Course Lunch, Main Course
Cuisine Low Carb, Thai
Prep Time 20 minutes
Total Time 20 minutes
Servings 4
Author Molly | Spices in My DNA

Ingredients

  • 3 cups cooked, shredded chicken
  • 1/2 cup creamy peanut butter
  • 2 tablespoons rice wine vinegar
  • juice of 1 lime
  • 2 teaspoons freshly grated ginger
  • 1 clove garlic, minced
  • 1 teaspoon sesame oil
  • 1 teaspoon honey
  • 1 tablespoon soy sauce or coconut aminos
  • 1/4-1/2 cup hot water
  • 1/2 of a red bell pepper, diced
  • 1/2 of a yellow bell pepper, diced
  • 1 cup finely shredded red cabbage
  • 2 scallions, thinly sliced, plus extra for garnish
  • 1/4 cup cup chopped cilantro, plus extra for garnish
  • 1/4 cup chopped cashews or peanuts, plus extra for garnish
  • 3 avocados, halved and pitted
  • extra lime wedges for serving

Instructions

  1. Make the sauce.
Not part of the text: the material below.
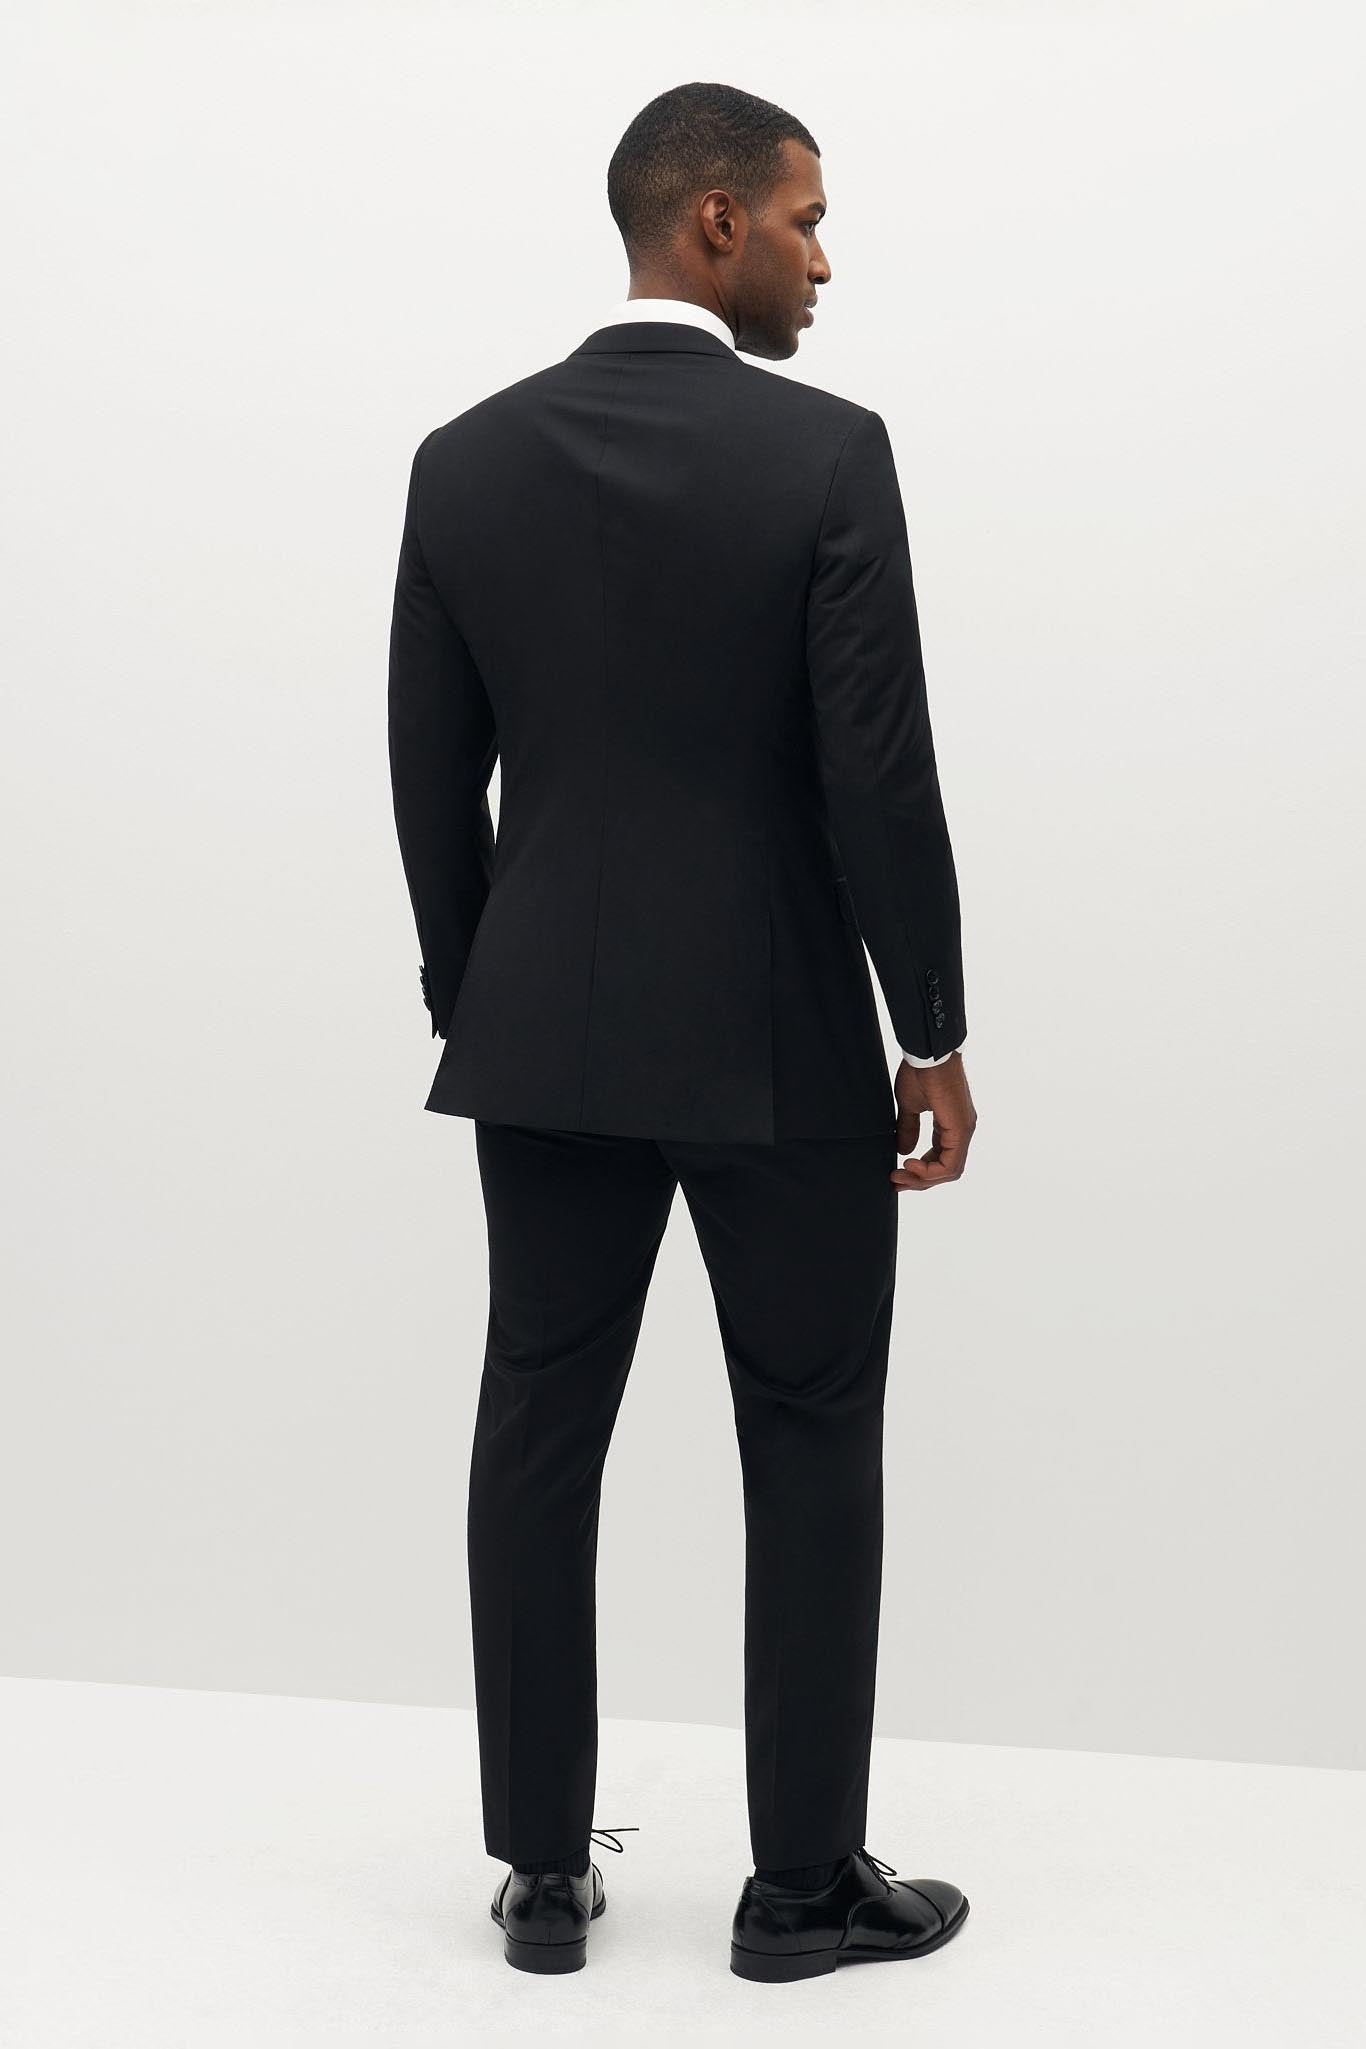 Classic Black Suit Pants by SuitShop

In a medium bowl, whisk together the peanut butter, rice wine vinegar, lime juice, ginger, garlic, sesame oil, honey, and coconut aminos until creamy. Add the water, starting with a ¼ cup, whisking until smooth. If it still seems too thick, add the remaining ¼ cup.

  2. Add sauce to chicken and stir to coat. Add the peppers, cabbage, scallions, cilantro, and cashews or peanuts and stir to combine.

  3. Stuff chicken salad mixture into avocados and garnish with extra scallions, cilantro, chopped cashews, and a squeeze of lime!